Project boards on GitHub Enterprise help you organize and prioritize your work. You can create project boards for specific feature work, comprehensive roadmaps, or even release checklists. With project boards, you have the flexibility to create customized workflows that suit your needs.
Project boards are made up of issues, pull requests, and notes that are categorized as cards in columns of your choosing. You can drag and drop to reorder cards within a column, move cards from column to column, and change the order of columns.
Project board cards contain relevant metadata for issues and pull requests, like labels, assignees, the status, and who opened it. To see more details about the issue or pull request, you can easily navigate to it by clicking the link within the card.
You can create notes within columns to serve as task reminders or to add information related to the project board. If the note isn't sufficient for your needs, you can convert it to an issue. For more information on converting project board notes to issues, see "Adding notes to a project board."

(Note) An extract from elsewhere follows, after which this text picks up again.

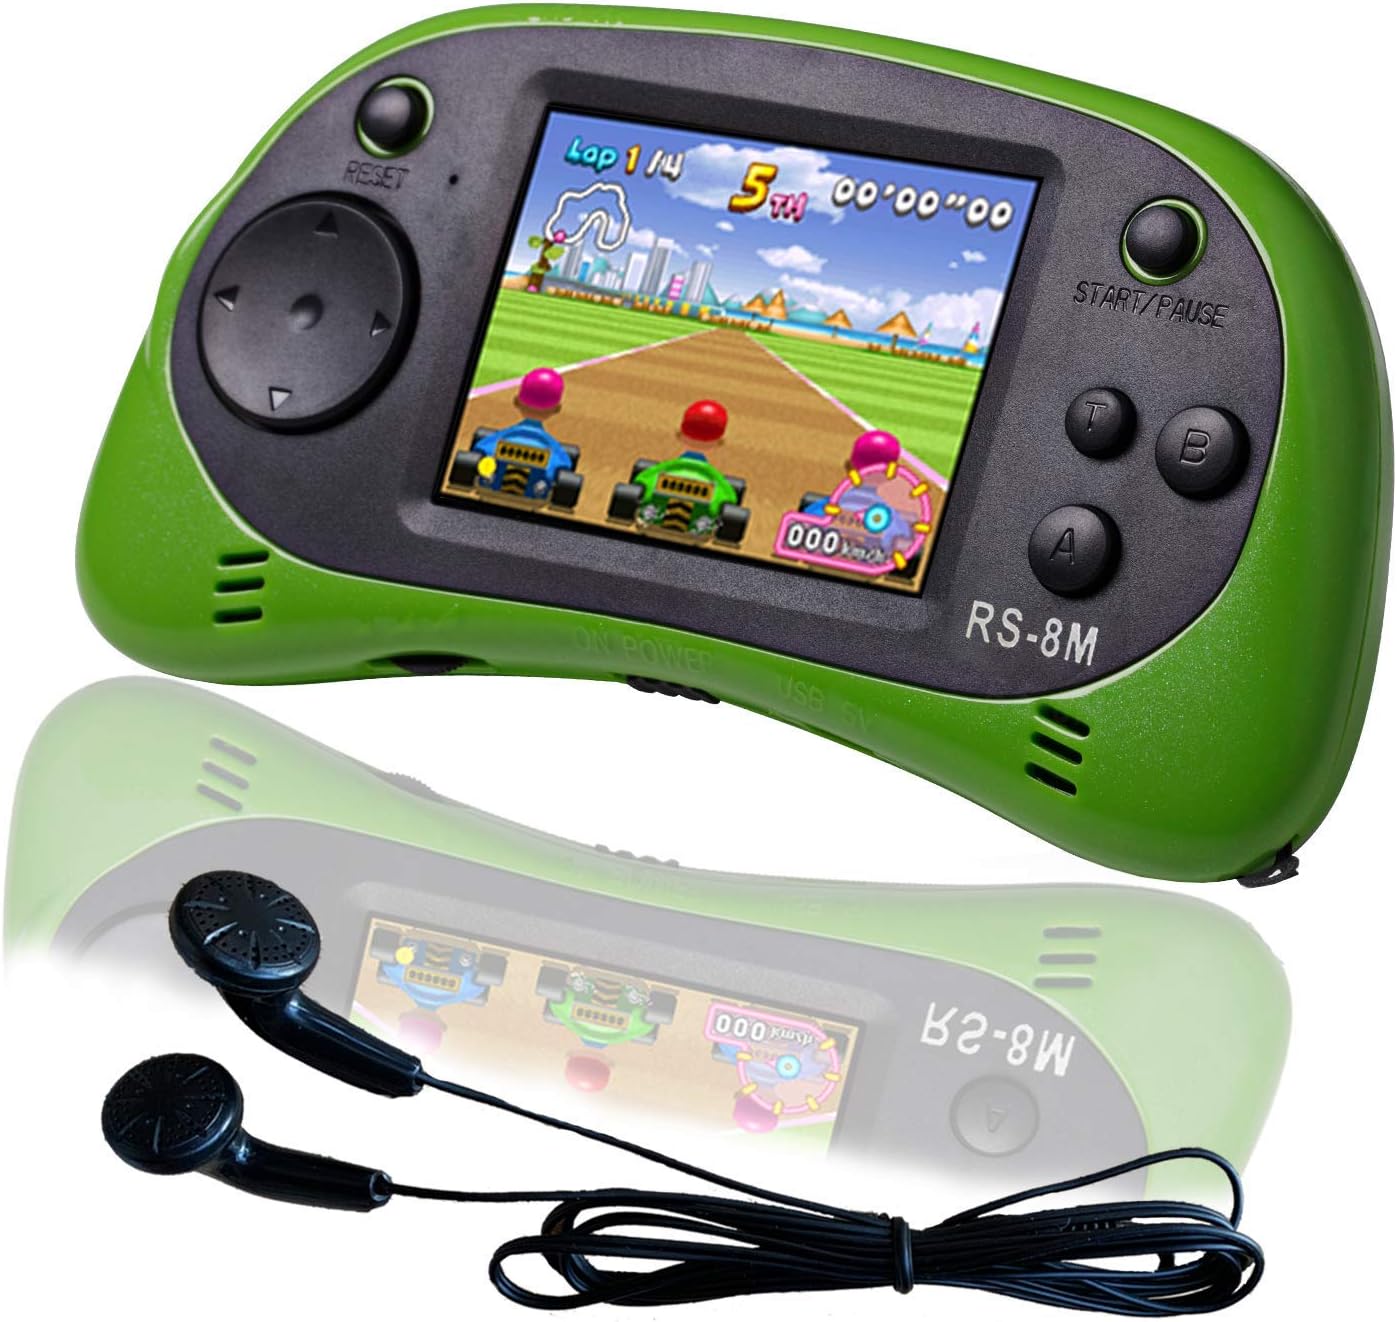 EASEGMER 16 Bit Kids Handheld Games Built-in 220 HD Video Games, 2.5 Inch Portable Game Player with Headphones - Best Travel Electronic Toys Gifts for Toddlers Age 3-10 Years Old Children (Blue)

There are two types of project boards:
- Repository project boards are scoped to issues, pull requests, and notes within a single repository.
- Organization-wide project boards can contain issues and pull requests from any repository that belongs to an organization.
Creating and viewing project boards
Anyone with read access to a repository can view the repository's project boards. To create a project board, you must have write access to the repository.
Only organization members can view and create organization-wide project boards. If an organization-wide project board includes issues or pull requests from a repository that you don't have permission to view, the card will be redacted.